By Dan Williams
JERUSALEM (Reuters) – Demonstrations against and for Israel’s judicial overhaul paused for a traditional Jewish fast on Thursday, with national leaders calling for reconciliation while activists vowed to return to the streets and step up pressure on the government.
The constitutional crisis, now in its seventh month, surged on Monday after parliament passed the first of Prime Minister Benjamin Netanyahu’s reforms trimming Supreme Court powers over his ruling religious-nationalist coalition.
Political watchdog groups appealed to the court to overturn the new law, paving the way to an unprecedented showdown among branches of government when arguments are heard in September.
The legal tussle will begin as early as next Thursday, however, when the top court will hear an appeal against a coalition bill ratified in March that limited conditions for removing the prime minister from office.

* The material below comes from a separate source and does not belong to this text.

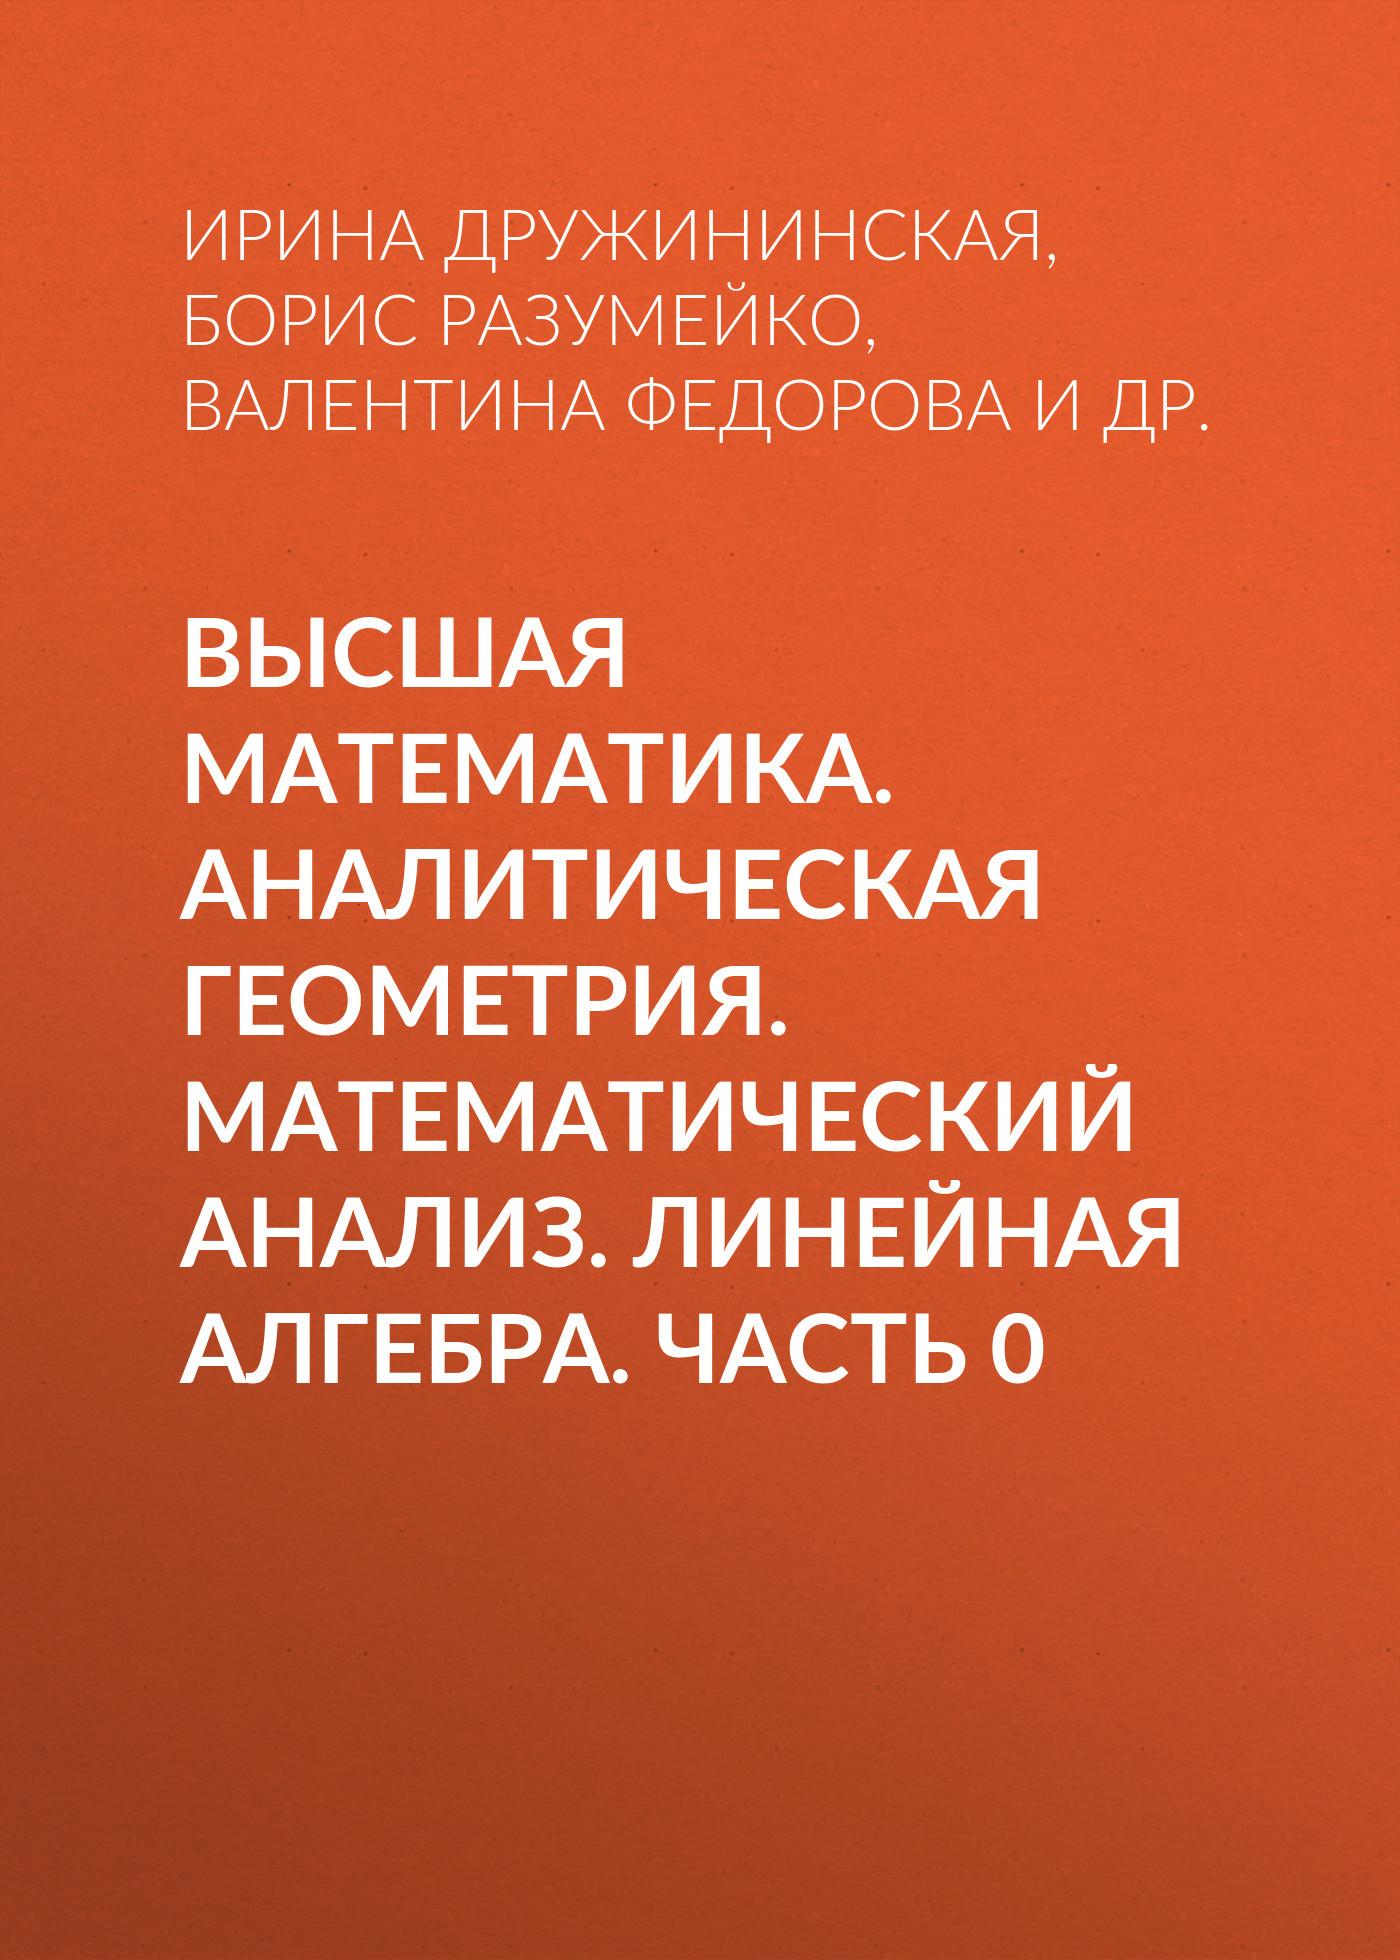 Б. Г. Разумейко Высшая математика. Аналитическая геометрия. Математический анализ. Линейная алгебра. Часть 0 п прилуцкая линейная алгебра аналитическая геометрия

With the rattled country shut down for Tisha B’av, the fast day mourning the destruction of two ancient Jewish temples in Jerusalem blamed by the sages on needless infighting, Israelis leaders counselled soul-searching.

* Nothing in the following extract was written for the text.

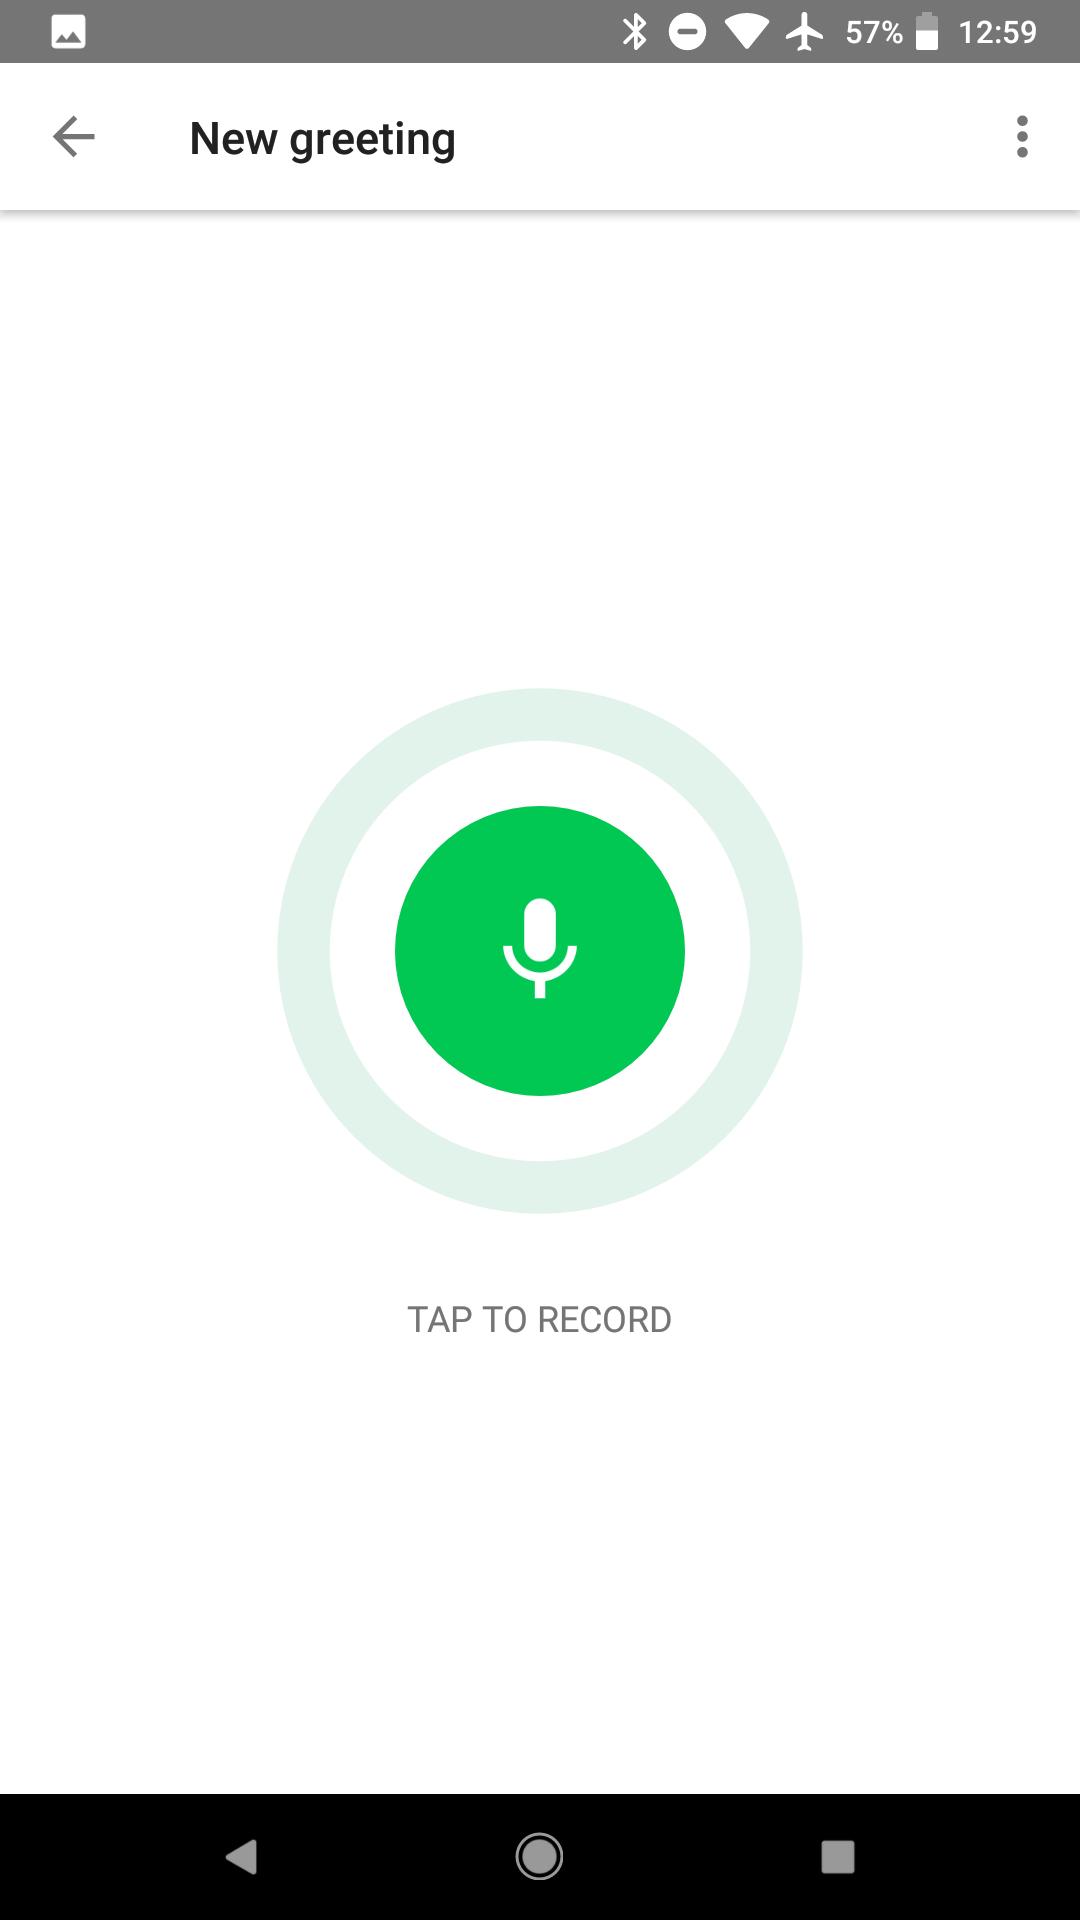 Google voice 5 10 voicemail 1 9to5google google voice 5 10 voicemail 1 m4hsunfo

“I appeal on everyone: Even when the pain peaks, we must preserve the boundaries of the dispute and refrain from violence and irreversible measures,” President Isaac Herzog, who has been trying since March to broker compromise, said on Facebook.
“We must imagine our lives together here – in another 40, 50 and 100 years – and how each action will impact on our children and grandchildren, and on the bridges between us.”

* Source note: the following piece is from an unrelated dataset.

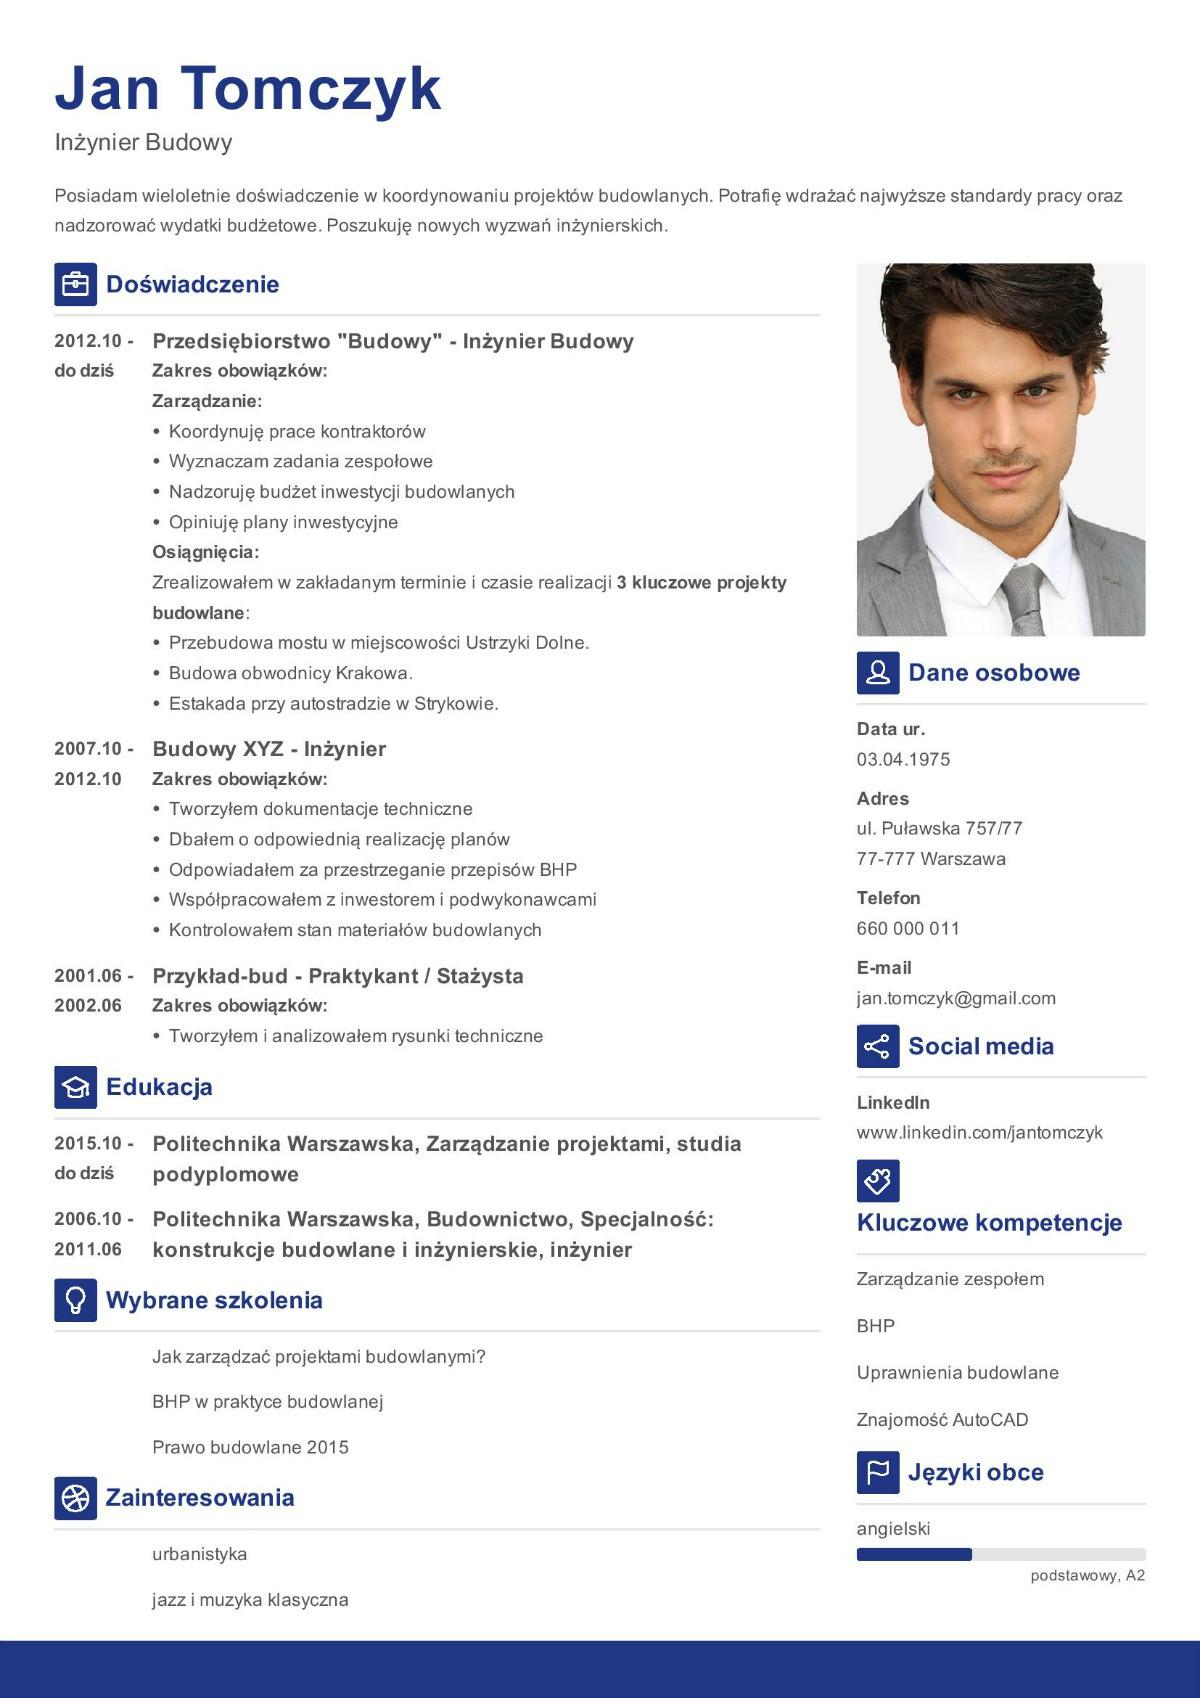 wzór CV inżyniera budowlanego

Protesters said they would be out in force again once the fast ends at sunset. They accuse Netanyahu of working to curb court independence even as he argues his innocence in a graft trial, and of unilaterally changing the justice system to the detriment of once-dominant secular-liberals.
“The government is illegitimate,” said a poster that protest leader Shikma Bressler published on social media, which included a Roman-era image of the pillaging of the Jerusalem temple.
“The protests will continue as planned at the same time as measures are being intensified and tools are being used that have not been used to date.”
Netanyahu defends the reforms as needed to balance out branches of government. He has cast the protests – which include announcements by thousands of military reservists that they will not report for duty – as a bid to thwart his democratic mandate.